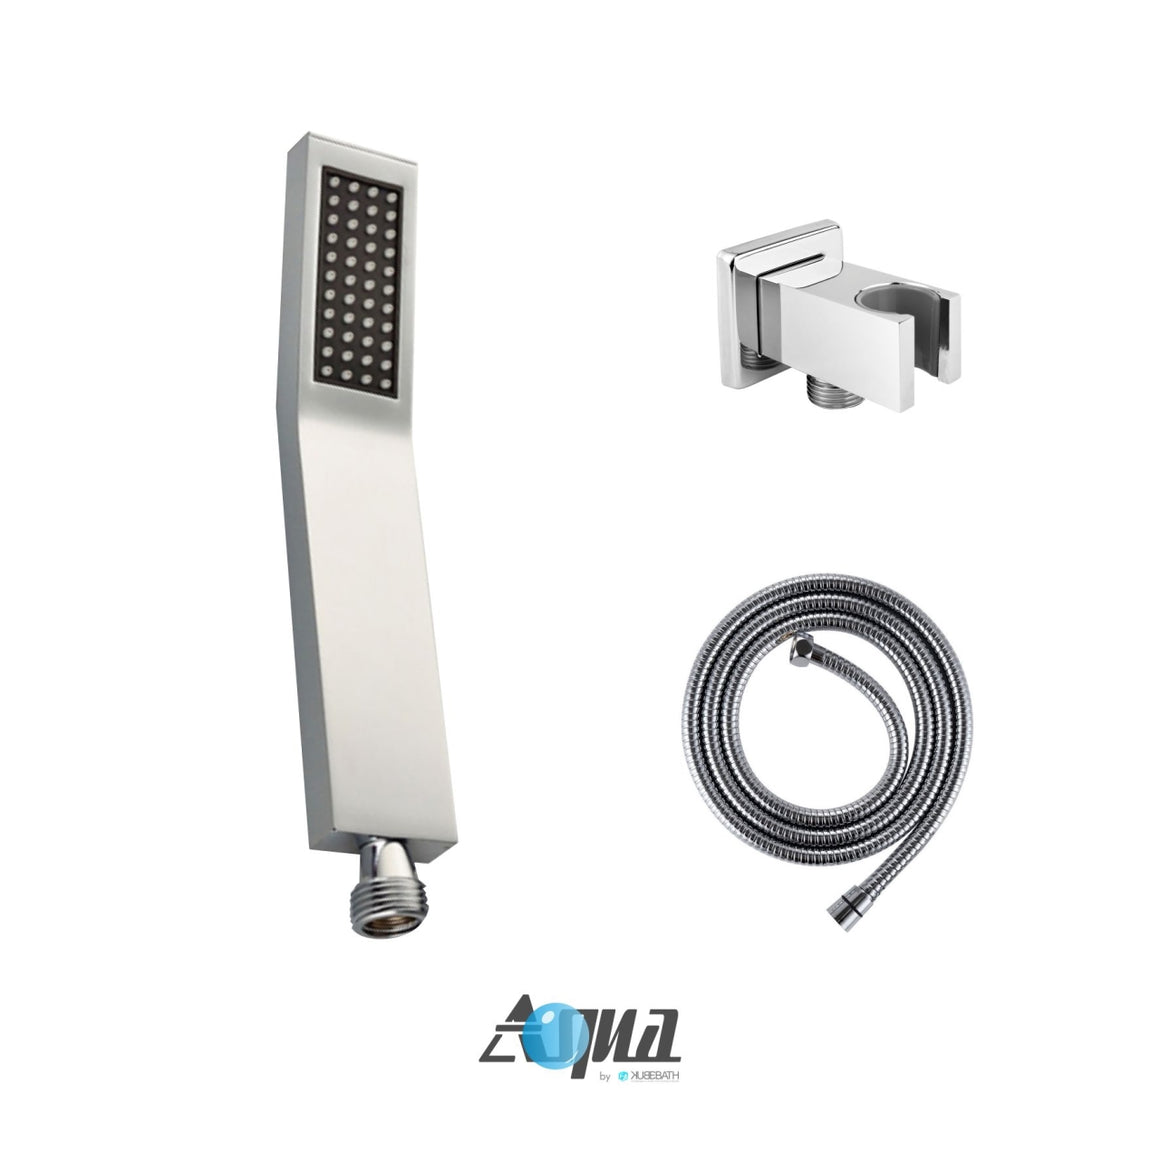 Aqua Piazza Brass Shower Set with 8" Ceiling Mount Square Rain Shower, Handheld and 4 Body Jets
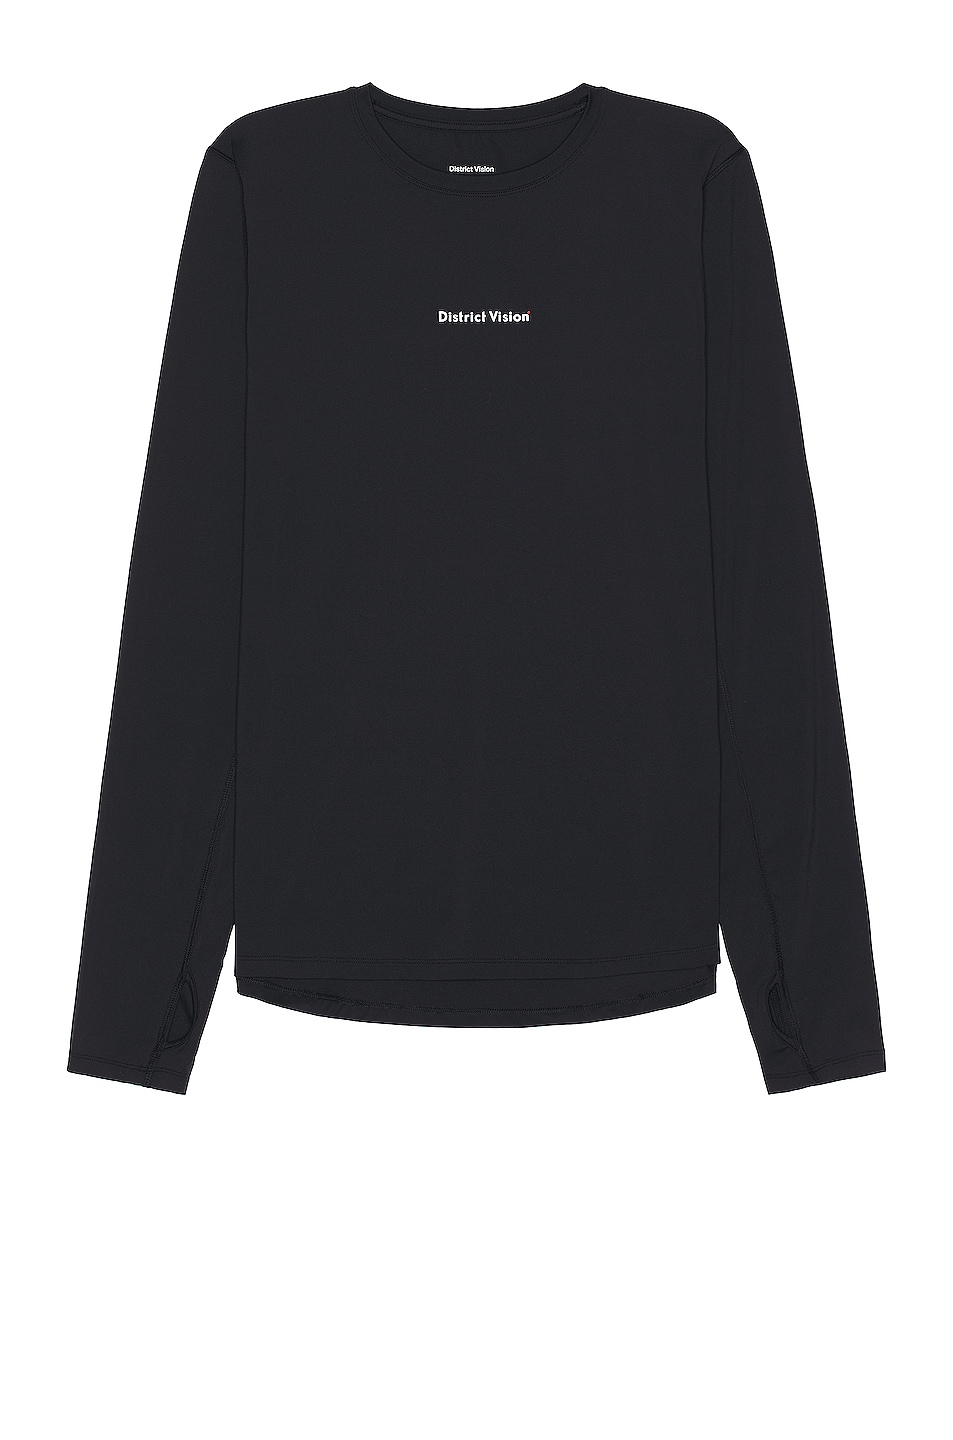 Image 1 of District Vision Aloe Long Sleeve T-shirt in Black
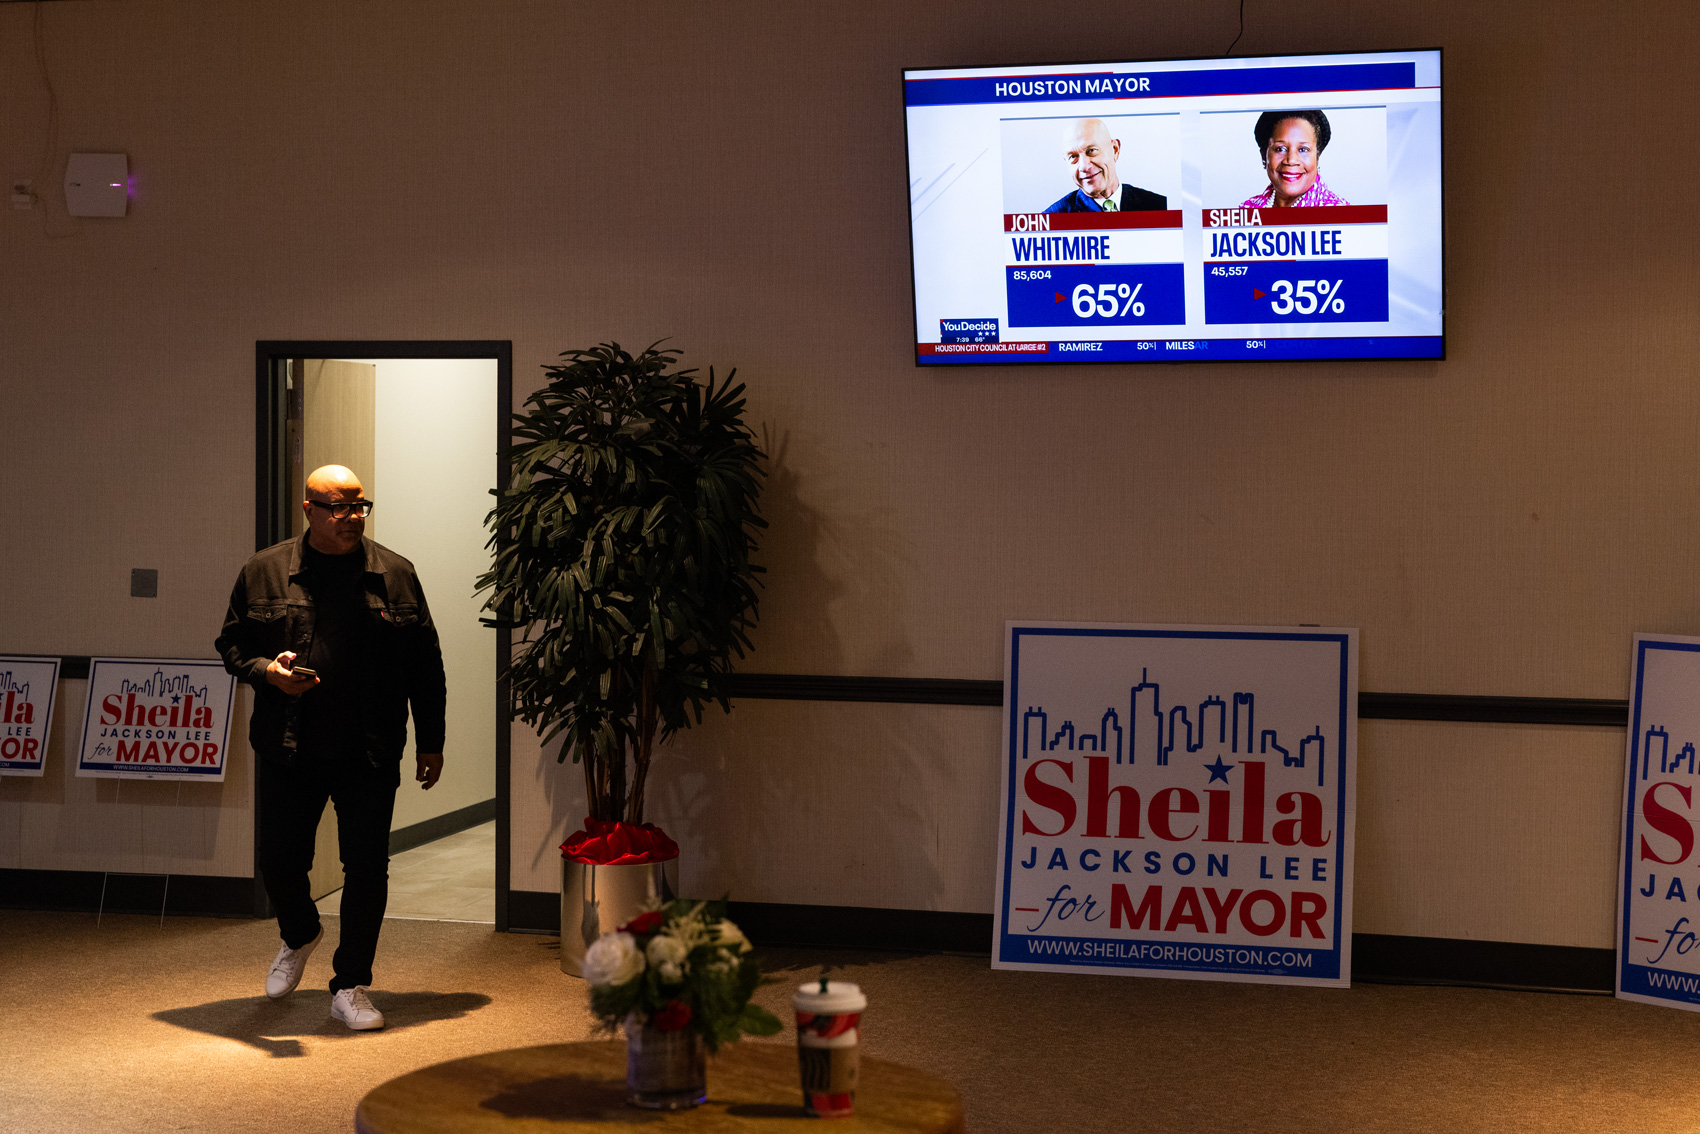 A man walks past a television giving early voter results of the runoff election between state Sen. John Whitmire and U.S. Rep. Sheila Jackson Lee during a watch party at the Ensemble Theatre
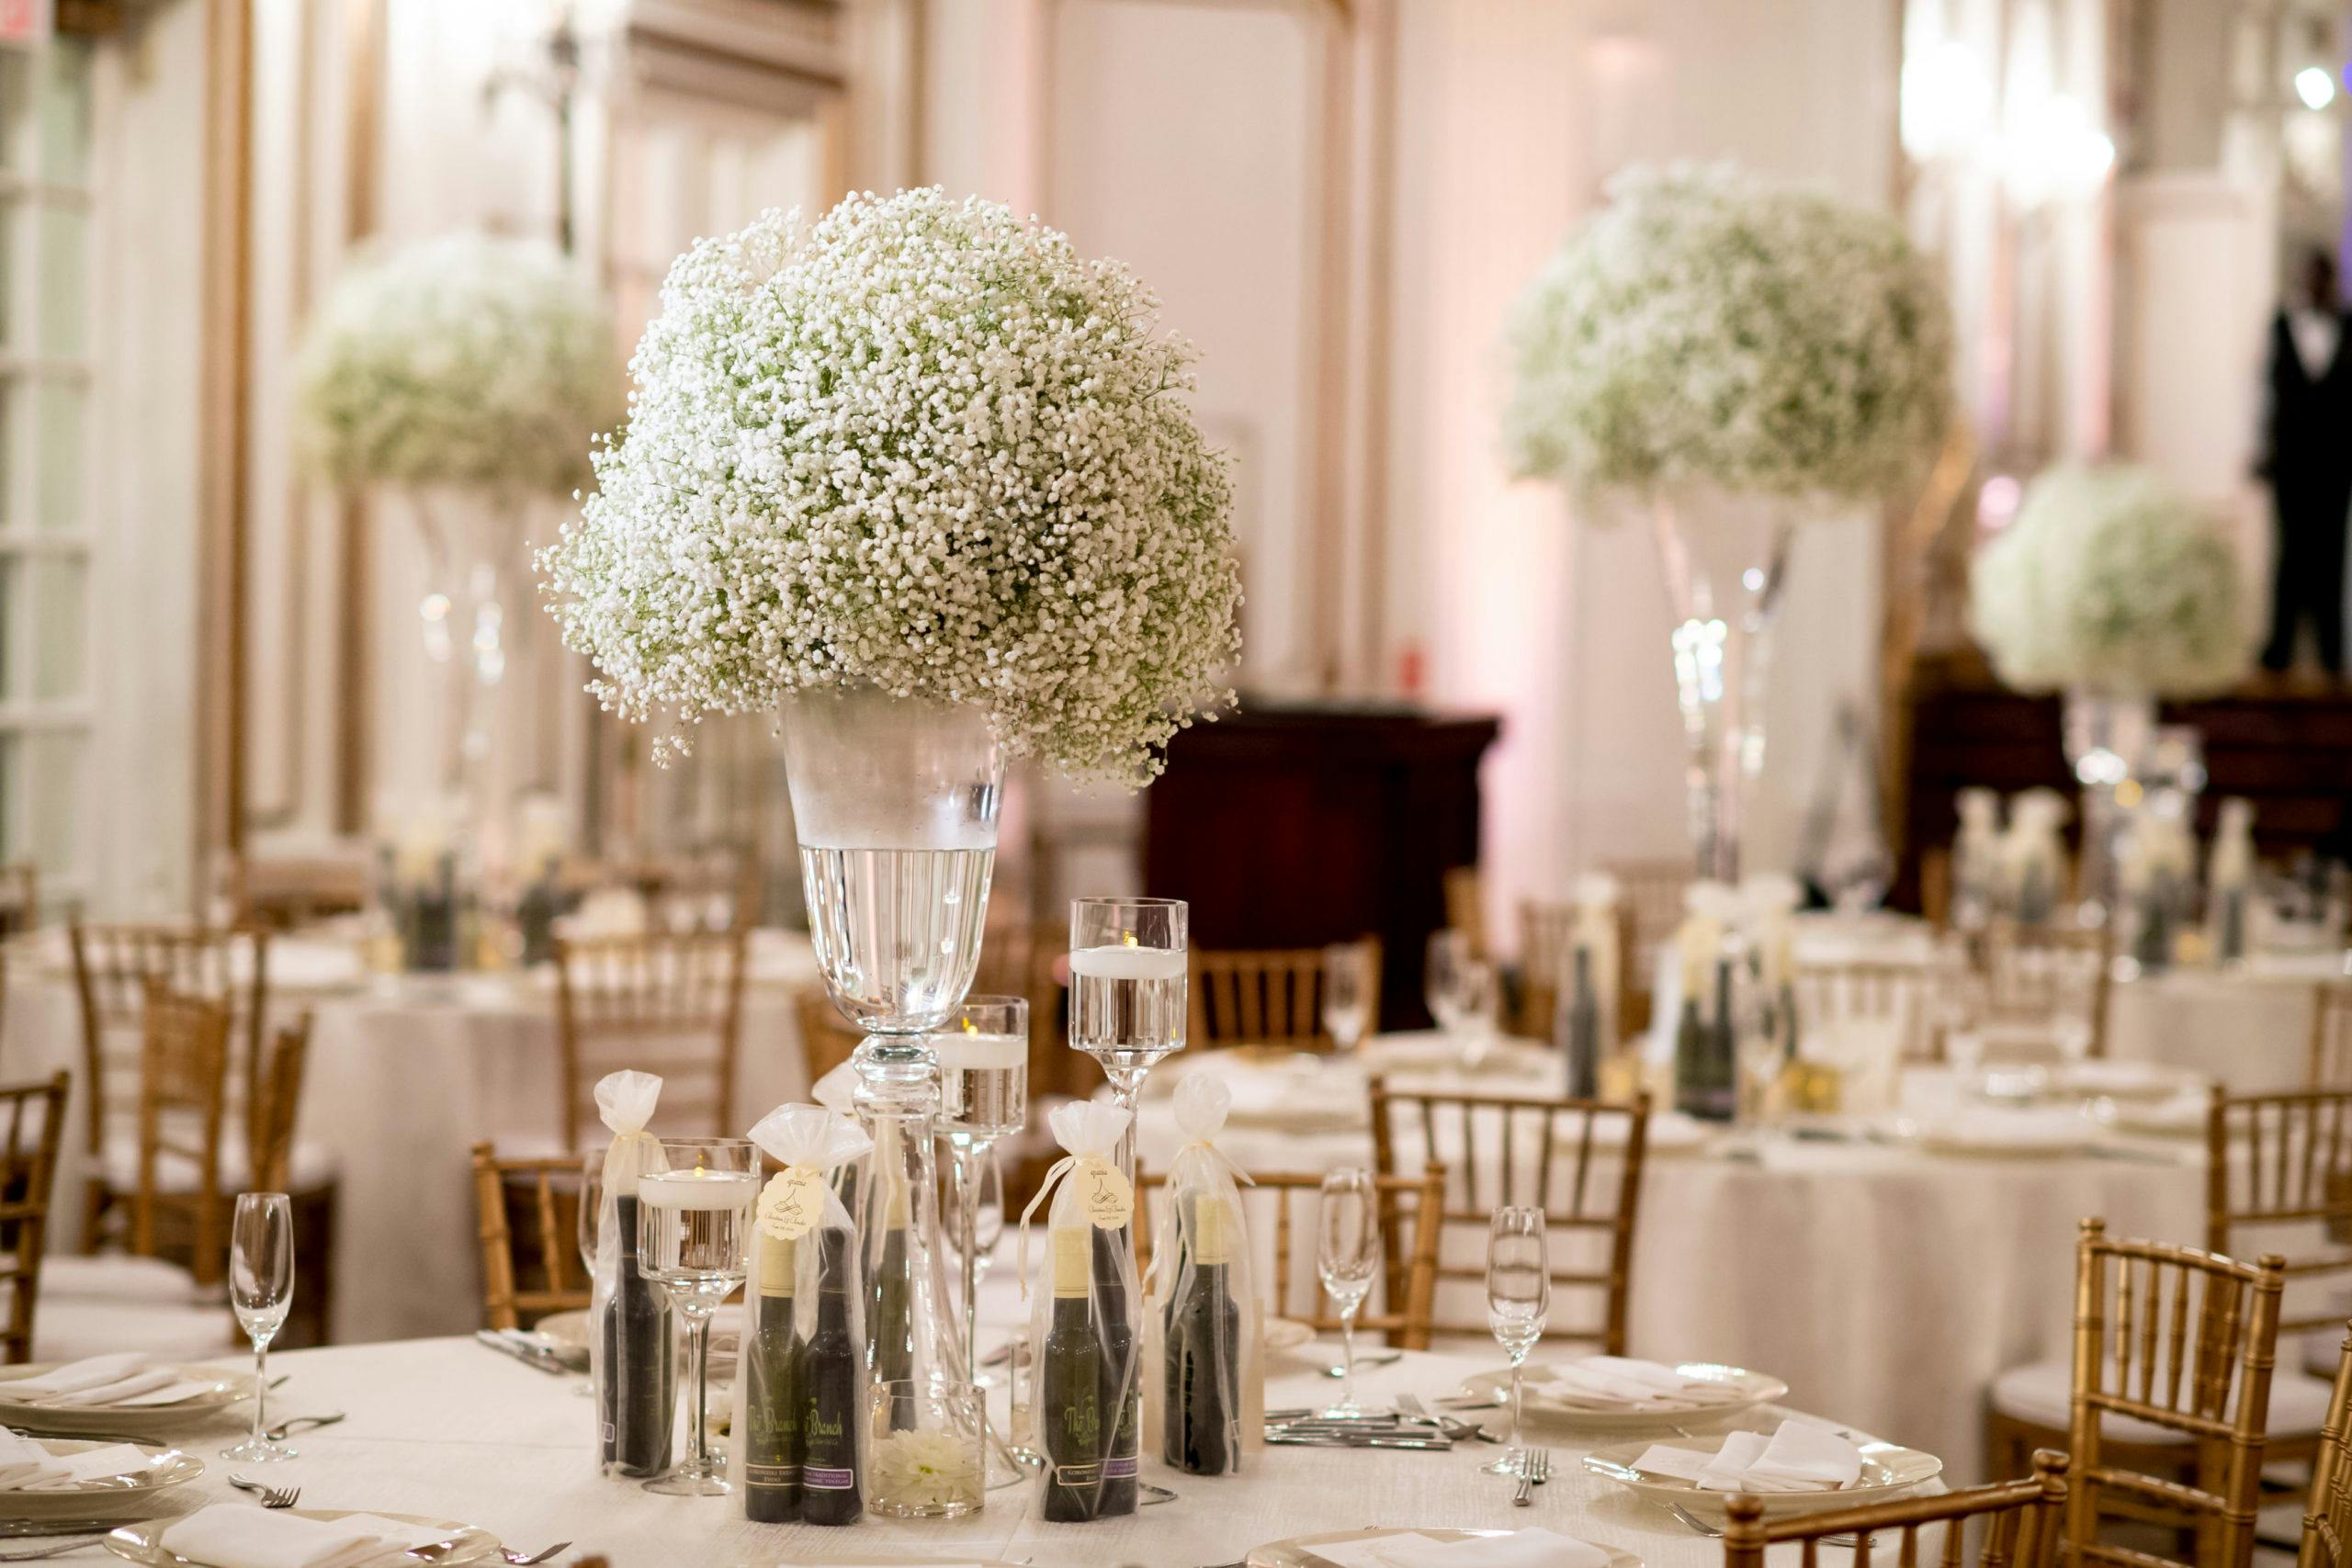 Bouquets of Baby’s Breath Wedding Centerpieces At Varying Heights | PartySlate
============
■ Exercise ■
None of the pictures belong in the copy; transcribe the rest of the data exactly.

■ Your solution ■
 Aqua Piazza Brass Shower Set with 8" Ceiling Mount Square Rain Shower, Handheld and 4 Body Jets
 Image 1 of District Vision Aloe Long Sleeve T-shirt in Black
 A man walks past a television giving early voter results of the runoff election between state Sen. John Whitmire and U.S. Rep. Sheila Jackson Lee during a watch party at the Ensemble Theatre
 Bouquets of Baby’s Breath Wedding Centerpieces At Varying Heights | PartySlate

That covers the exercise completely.